__Aim of the exercise__
Make an exact transcript of the lines in the data below, starting with the one containing "Digital-library-new-logo-v2 by kirstenjadediaz" and going on through the one containing "Oppiplot Guest House", with both included and the pictures left out.

__Material to process__
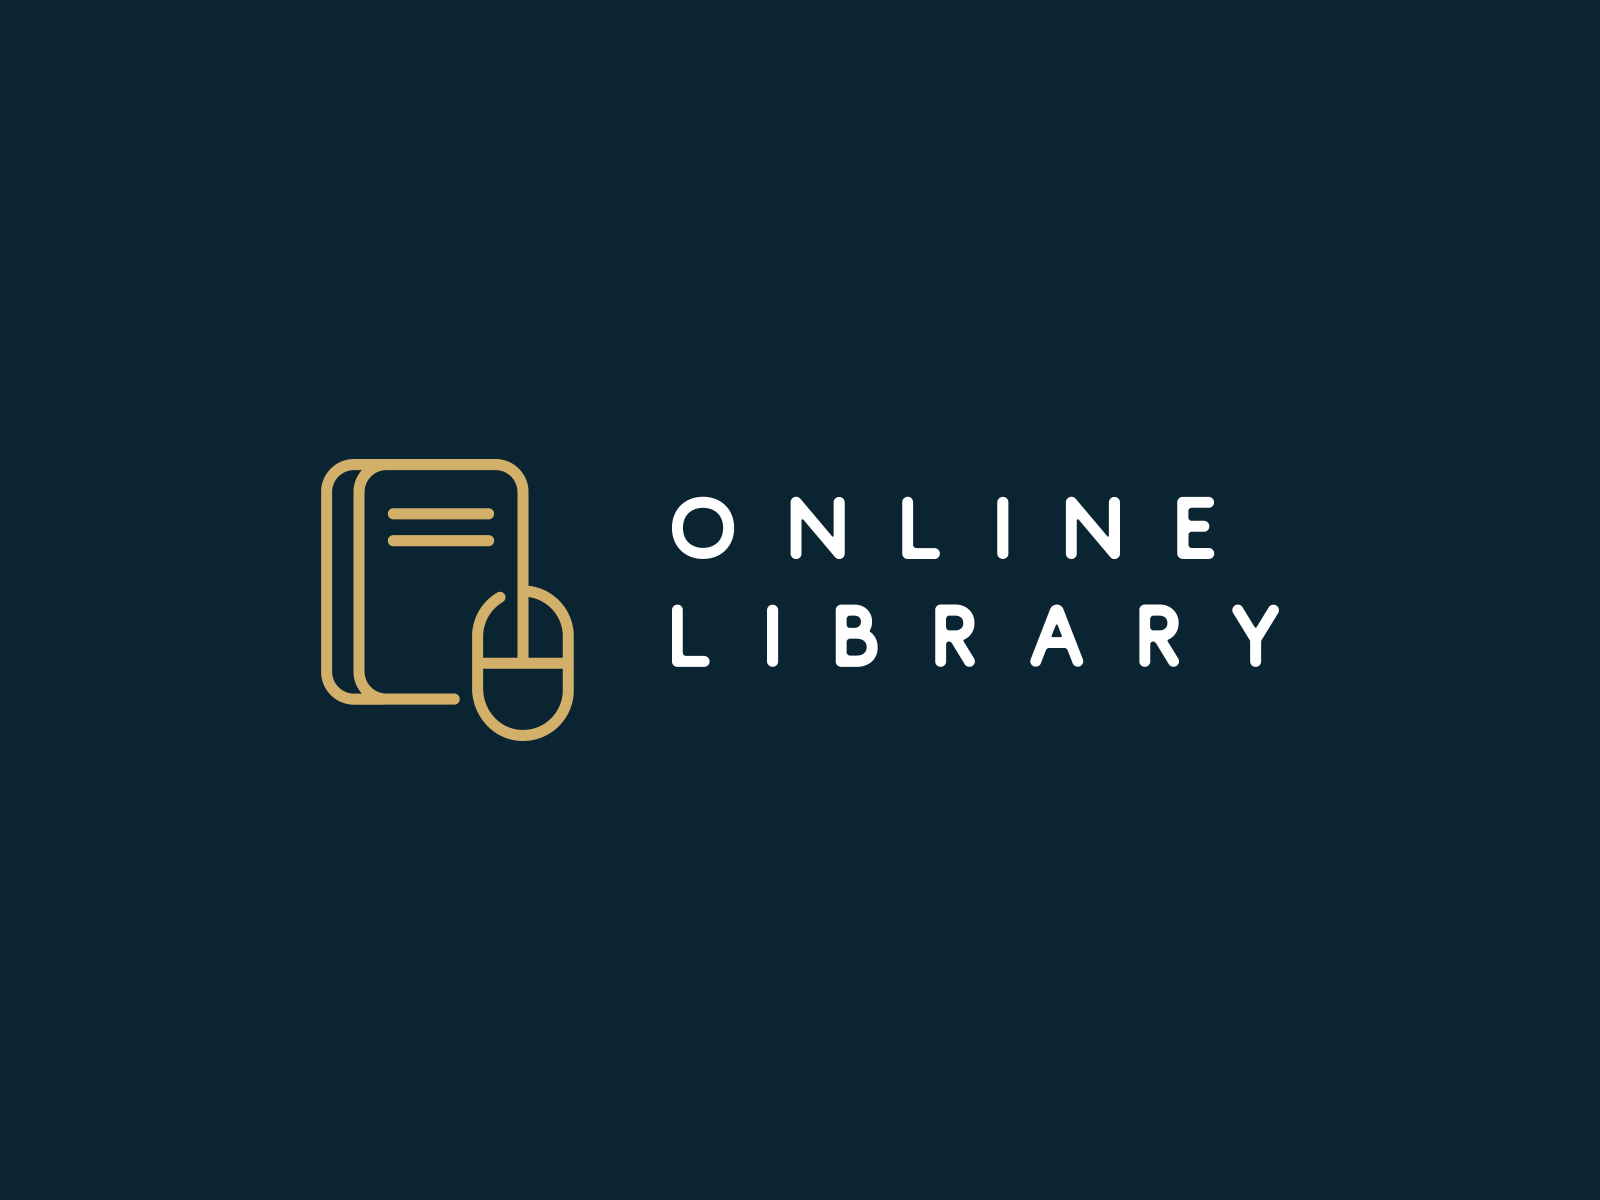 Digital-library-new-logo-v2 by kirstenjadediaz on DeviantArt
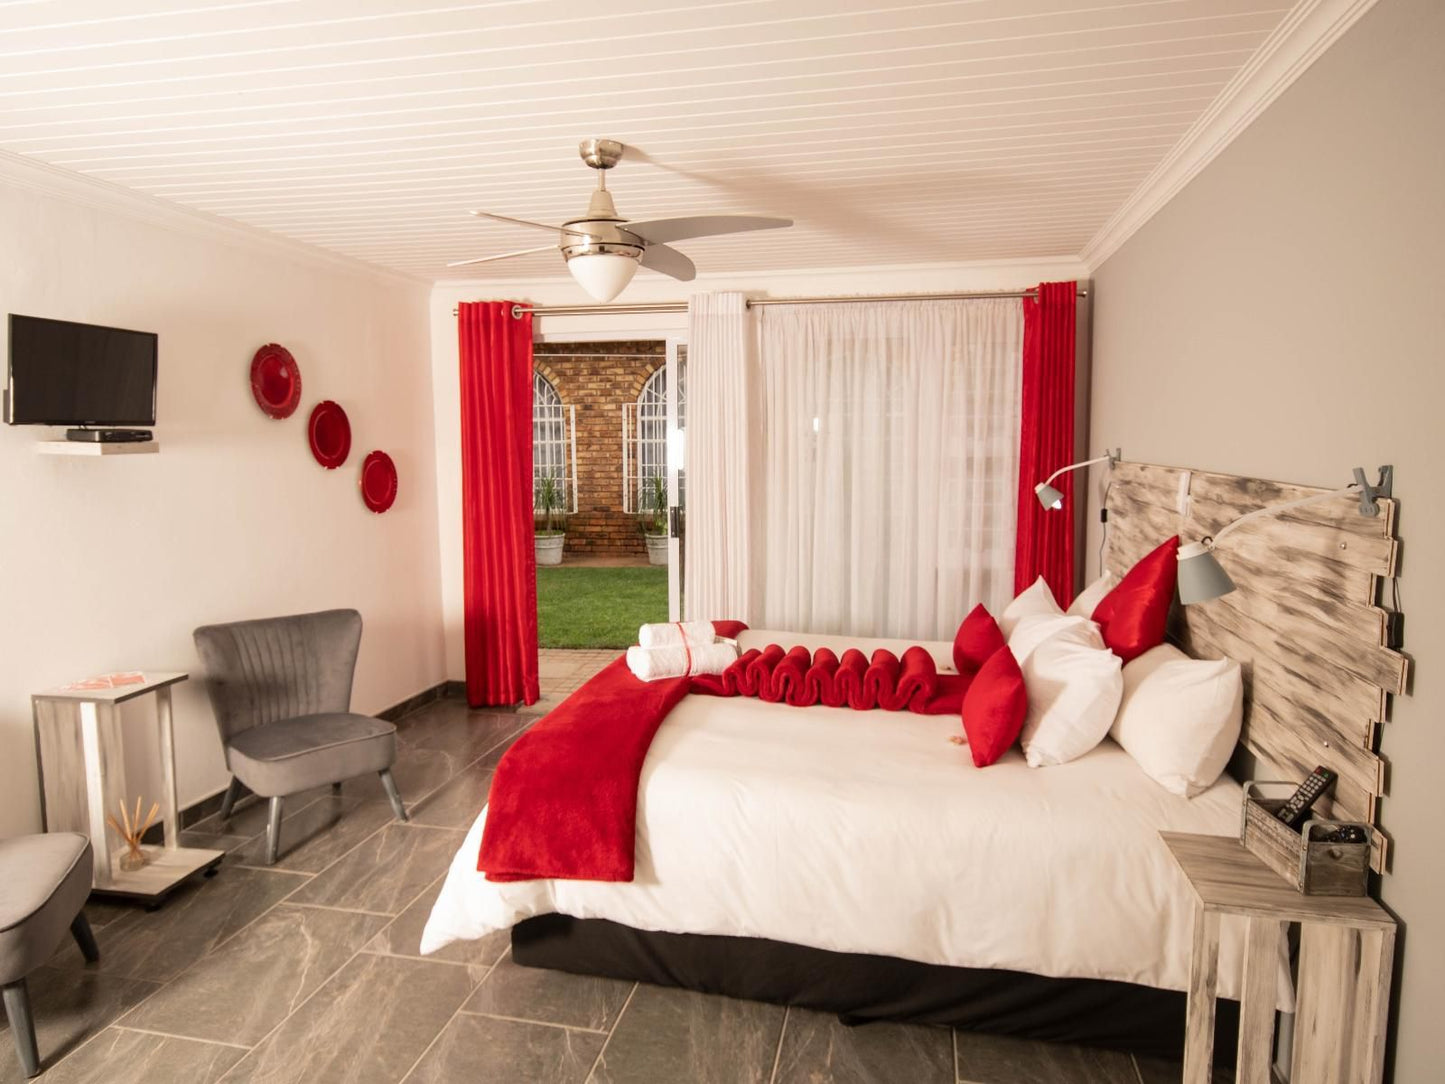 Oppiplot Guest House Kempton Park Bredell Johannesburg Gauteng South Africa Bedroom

* * *

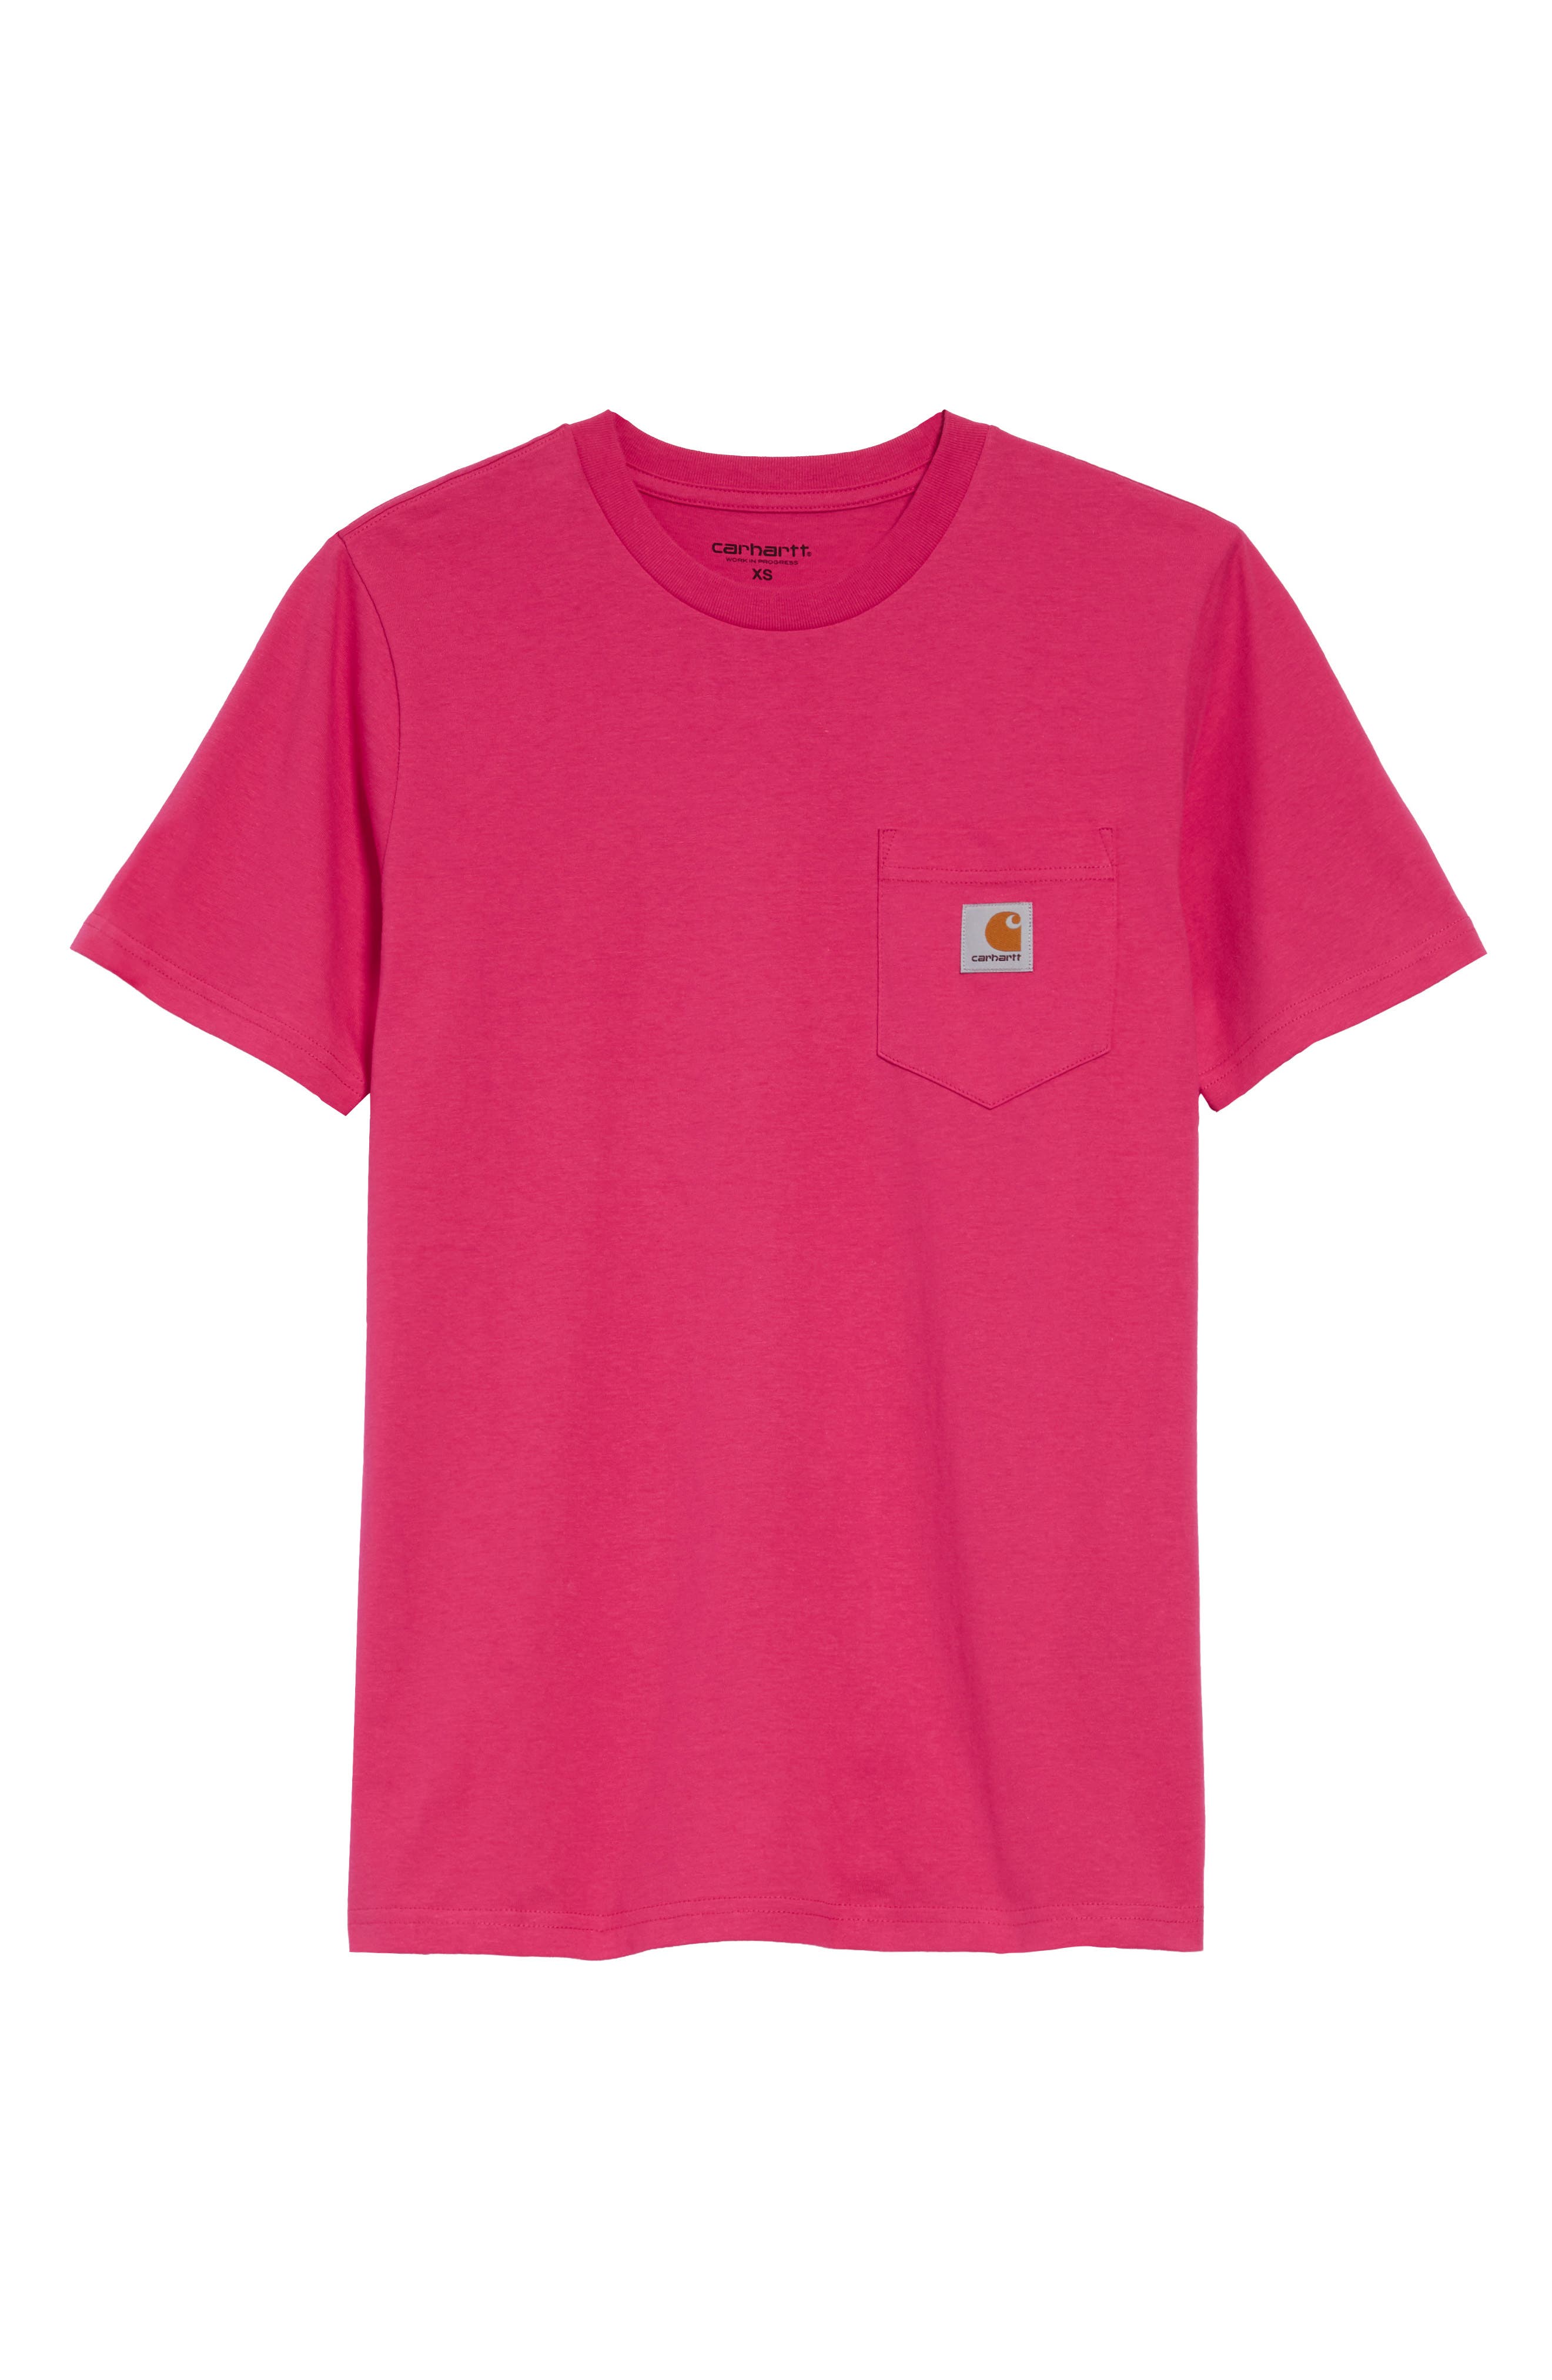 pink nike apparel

* * *

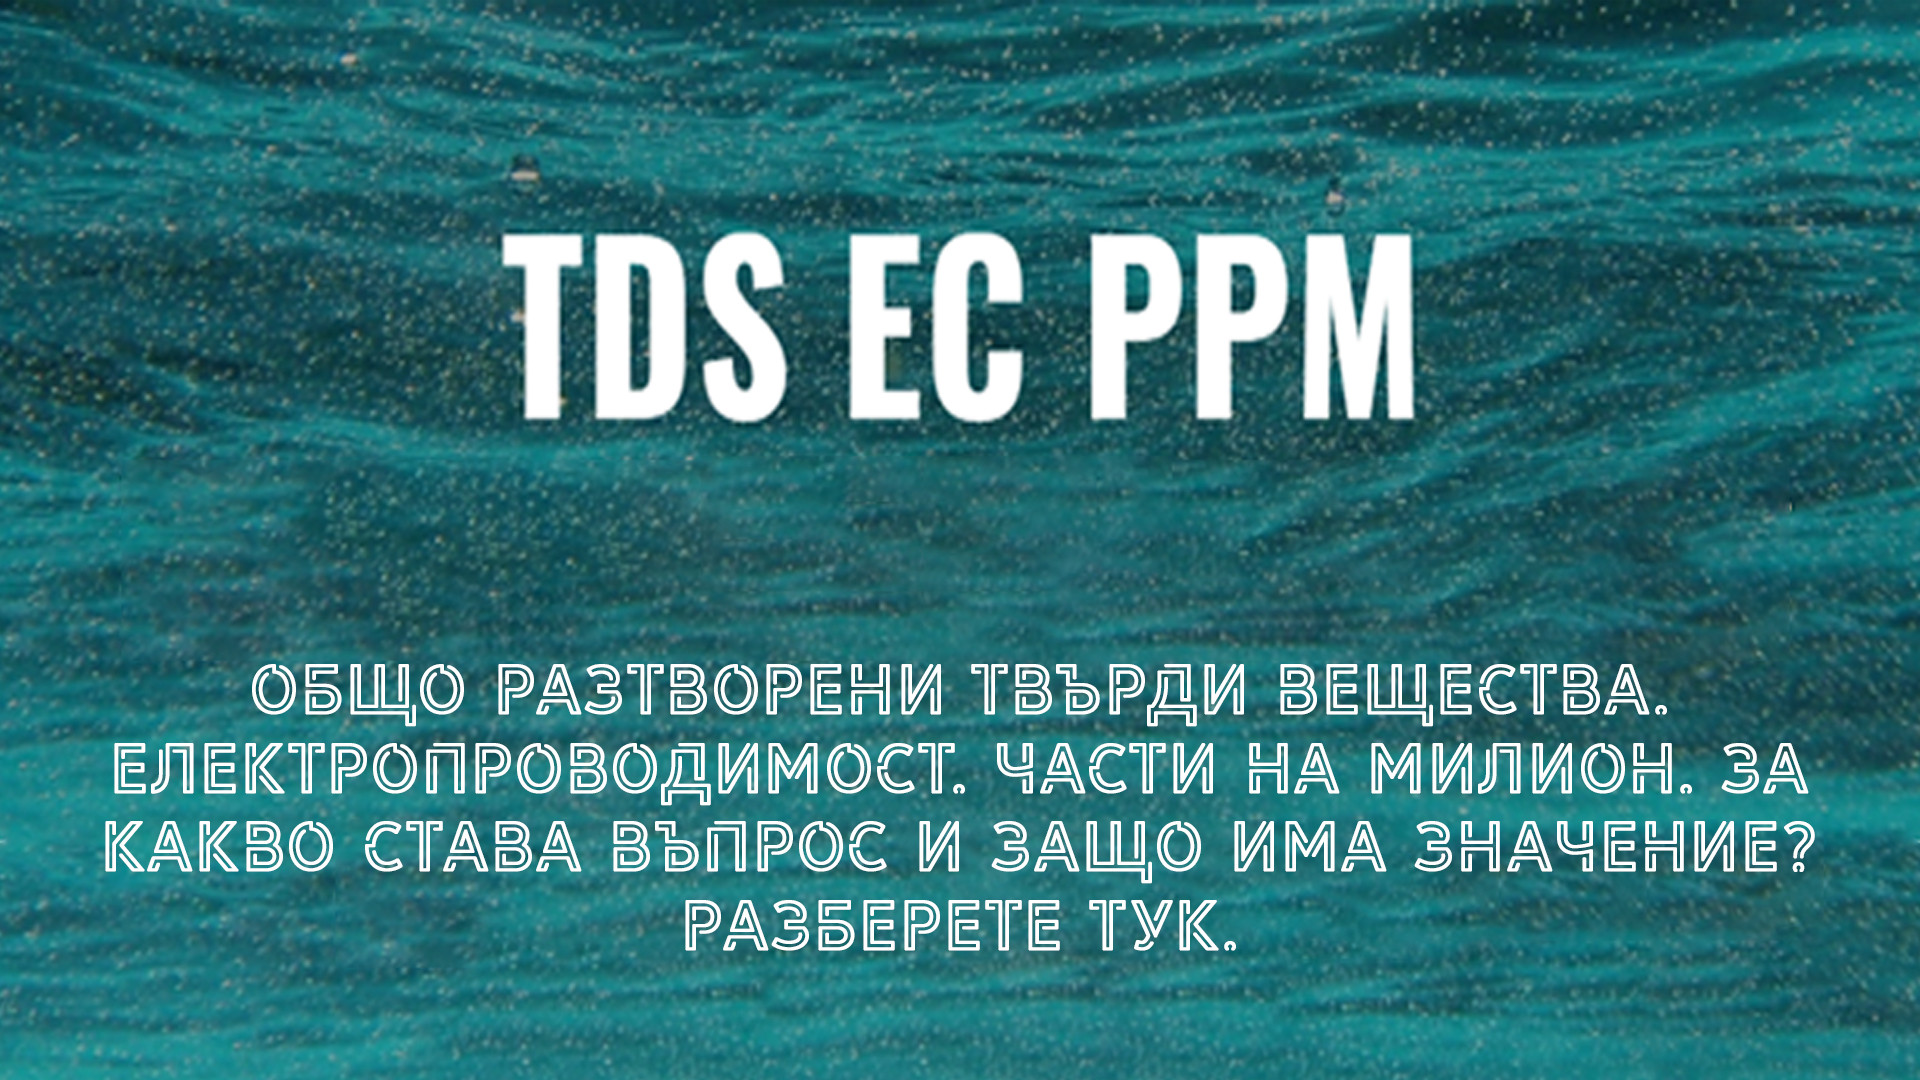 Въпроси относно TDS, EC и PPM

__Completed task__
 Digital-library-new-logo-v2 by kirstenjadediaz on DeviantArt
 Oppiplot Guest House Kempton Park Bredell Johannesburg Gauteng South Africa Bedroom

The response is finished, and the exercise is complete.